#### DATA FOR PROCESSING:

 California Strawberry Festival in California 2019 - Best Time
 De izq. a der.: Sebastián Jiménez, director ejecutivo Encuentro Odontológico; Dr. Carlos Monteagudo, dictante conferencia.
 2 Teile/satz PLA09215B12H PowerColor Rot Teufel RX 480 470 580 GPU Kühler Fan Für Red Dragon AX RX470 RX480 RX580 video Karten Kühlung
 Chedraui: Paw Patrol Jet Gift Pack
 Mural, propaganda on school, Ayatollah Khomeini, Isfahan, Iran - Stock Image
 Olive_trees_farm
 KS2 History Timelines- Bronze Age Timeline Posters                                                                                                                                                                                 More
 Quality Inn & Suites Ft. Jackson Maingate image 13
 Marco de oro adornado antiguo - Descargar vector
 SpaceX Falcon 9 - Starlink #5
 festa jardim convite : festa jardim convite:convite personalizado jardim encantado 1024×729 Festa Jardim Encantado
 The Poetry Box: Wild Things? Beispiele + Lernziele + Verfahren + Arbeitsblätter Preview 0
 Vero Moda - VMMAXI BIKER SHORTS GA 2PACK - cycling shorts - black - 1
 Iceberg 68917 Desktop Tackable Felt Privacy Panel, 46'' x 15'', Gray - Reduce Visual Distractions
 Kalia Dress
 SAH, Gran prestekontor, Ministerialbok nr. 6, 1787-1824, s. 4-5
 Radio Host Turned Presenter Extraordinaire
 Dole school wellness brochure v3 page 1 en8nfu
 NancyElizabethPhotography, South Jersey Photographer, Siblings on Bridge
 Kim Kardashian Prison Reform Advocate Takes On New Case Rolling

#### REQUIREMENT:
Starting at the line that contains "NancyElizabethPhotography, South Jersey", retype each remaining line of the records exactly; that line and the last line are both included.

#### RESPONSE TO THIS EXERCISE:
 NancyElizabethPhotography, South Jersey Photographer, Siblings on Bridge
 Kim Kardashian Prison Reform Advocate Takes On New Case Rolling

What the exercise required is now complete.